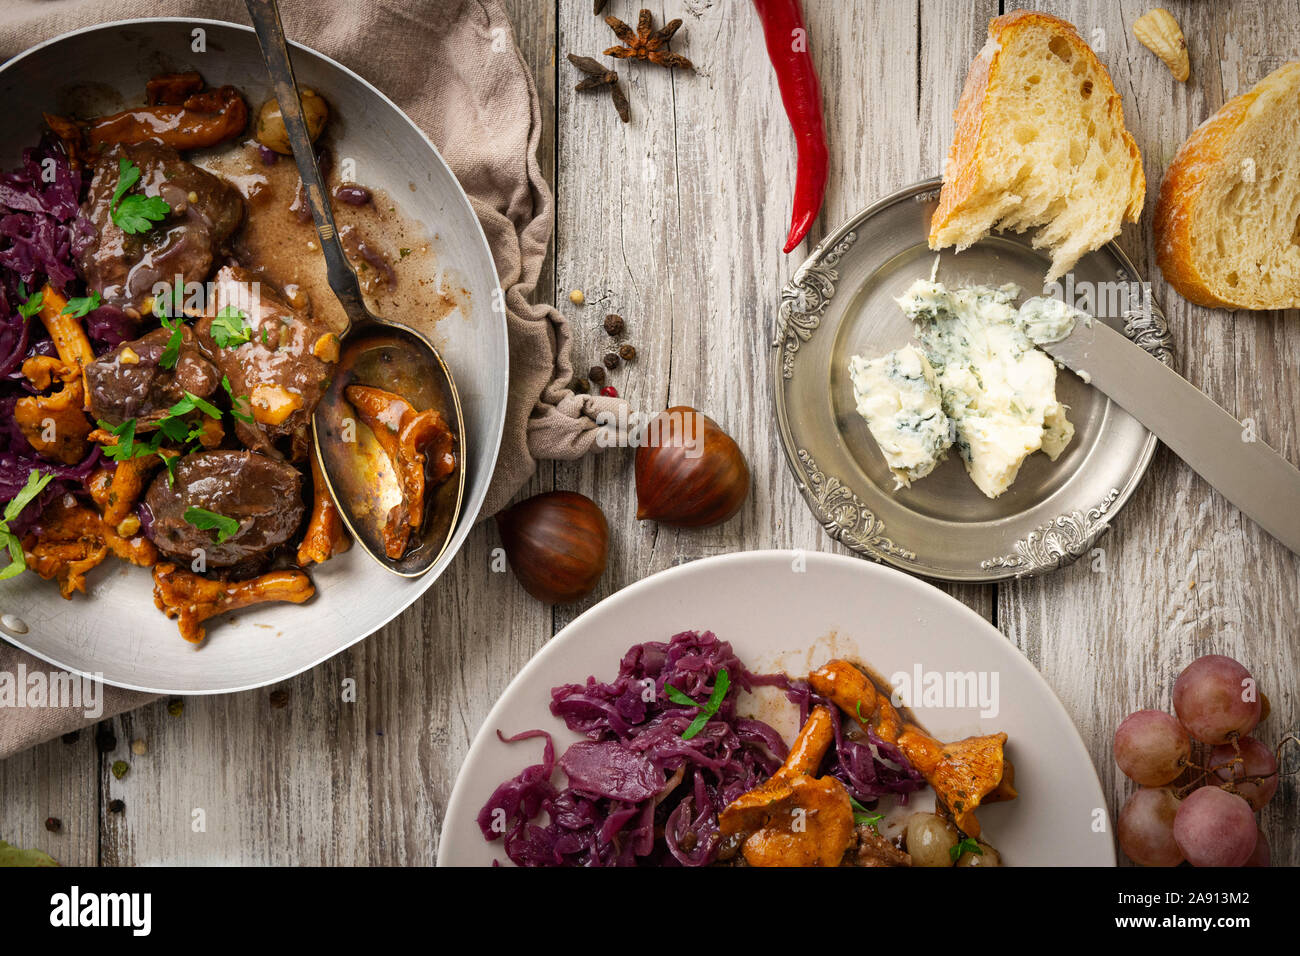 Piatto di carne di cervo sul vecchio tavolo in legno, con marmellata di frutta, formaggio e castagne, tradizionale piatto invernale con carne, bottino di caccia Foto Stock
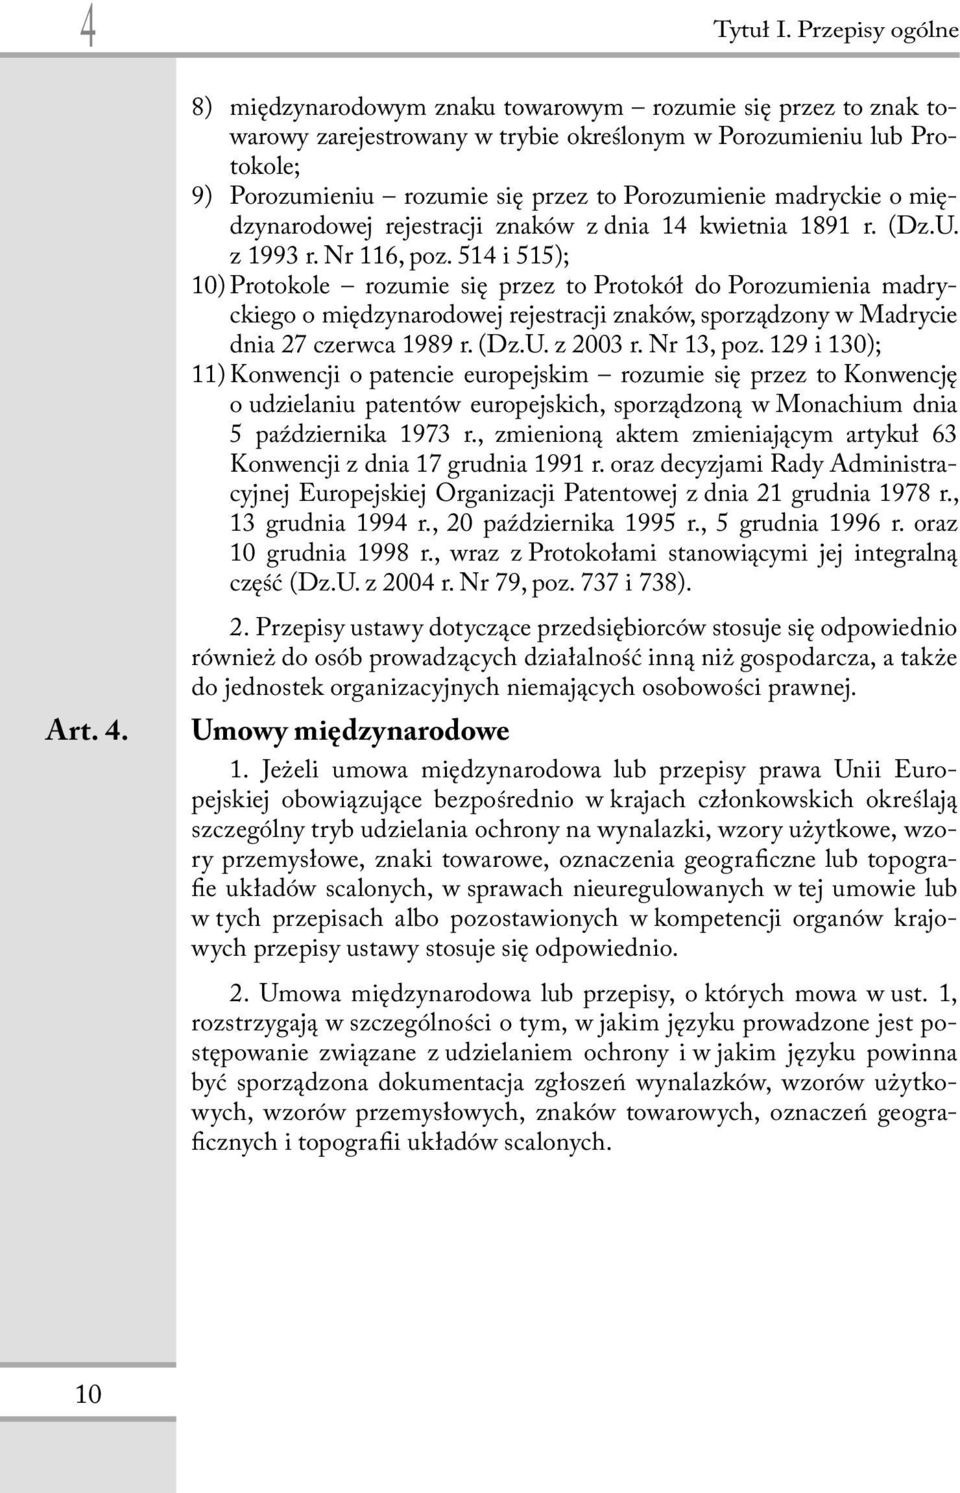 Porozumienie madryckie o międzynarodowej rejestracji znaków z dnia 14 kwietnia 1891 r. (Dz.U. z 1993 r. Nr 116, poz.
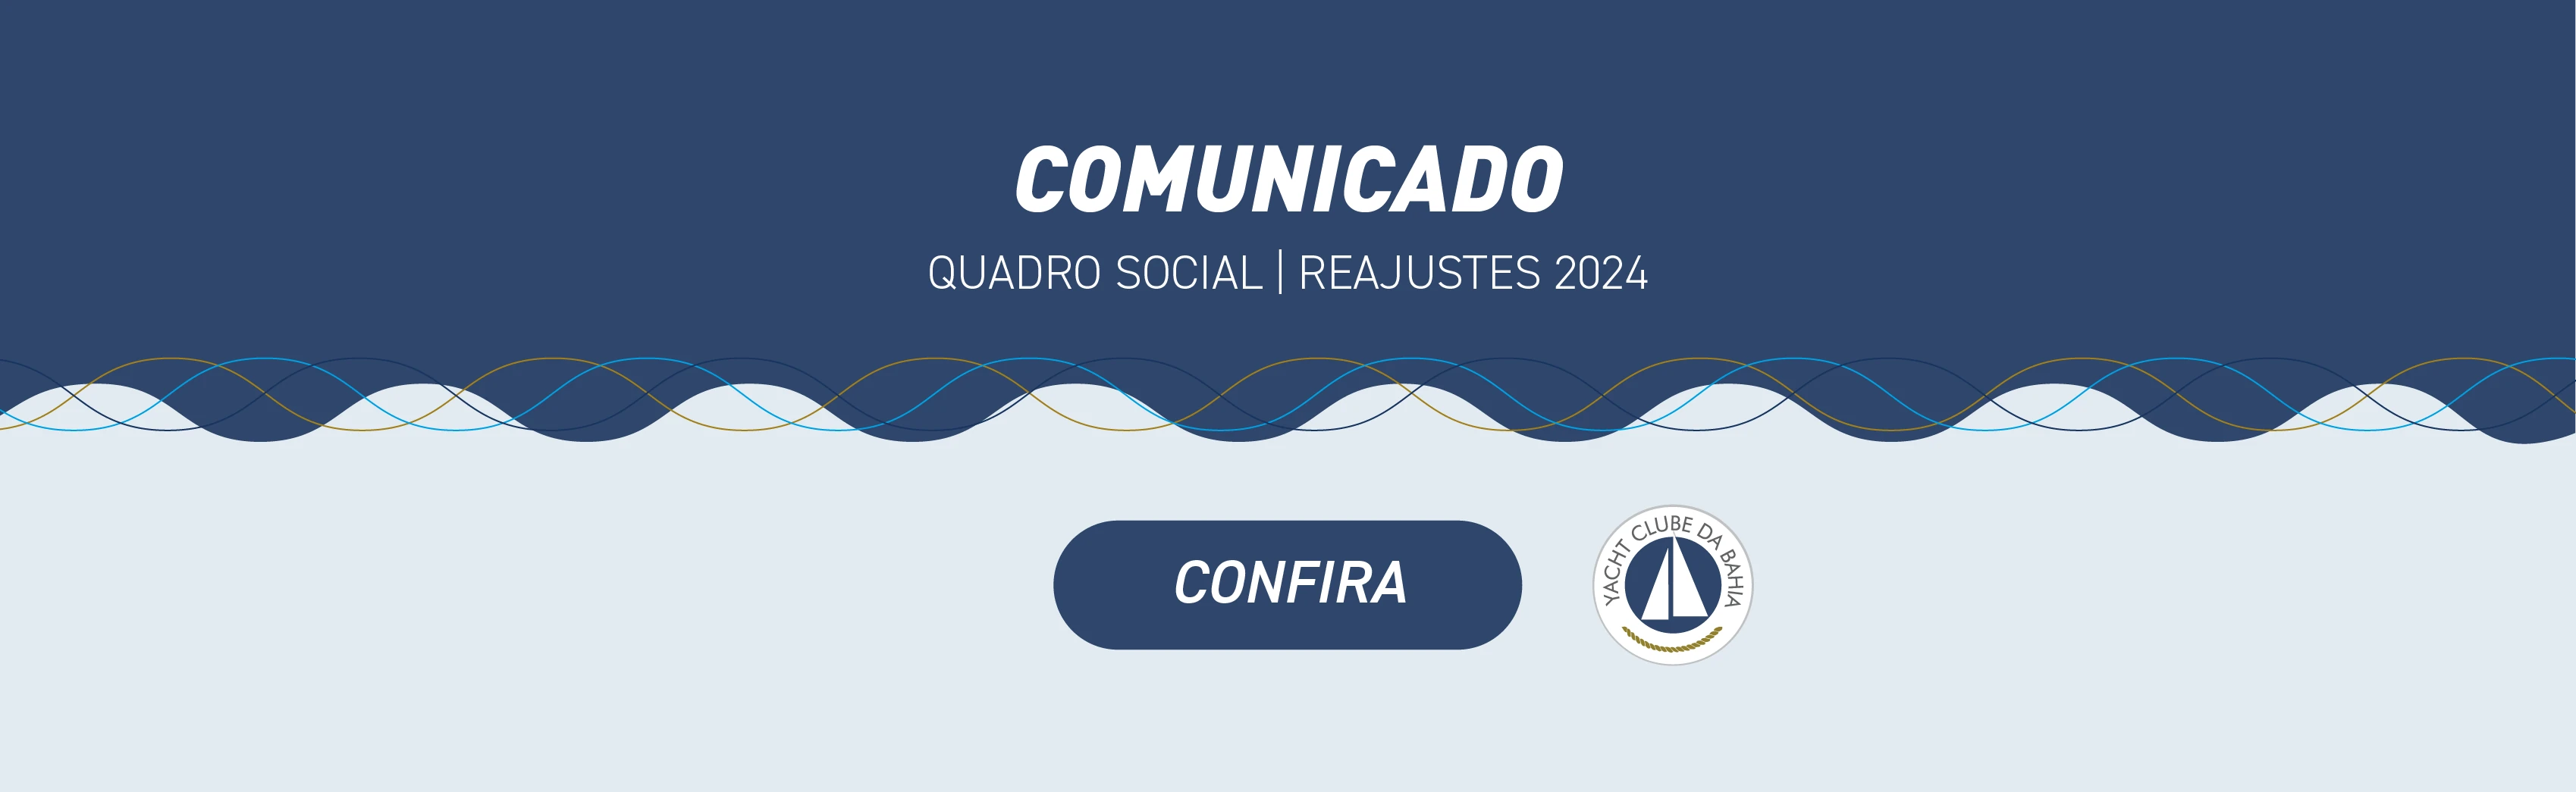 REAJUSTE QUADRO SOCIAL 2024
......
### Task item
Give back the material above exactly, but without its images.

### Result
 Piatto di carne di cervo sul vecchio tavolo in legno, con marmellata di frutta, formaggio e castagne, tradizionale piatto invernale con carne, bottino di caccia Foto Stock
 Porozumienie madryckie o międzynarodowej rejestracji znaków z dnia 14 kwietnia 1891 r. (Dz.U. z 1993 r. Nr 116, poz.
 REAJUSTE QUADRO SOCIAL 2024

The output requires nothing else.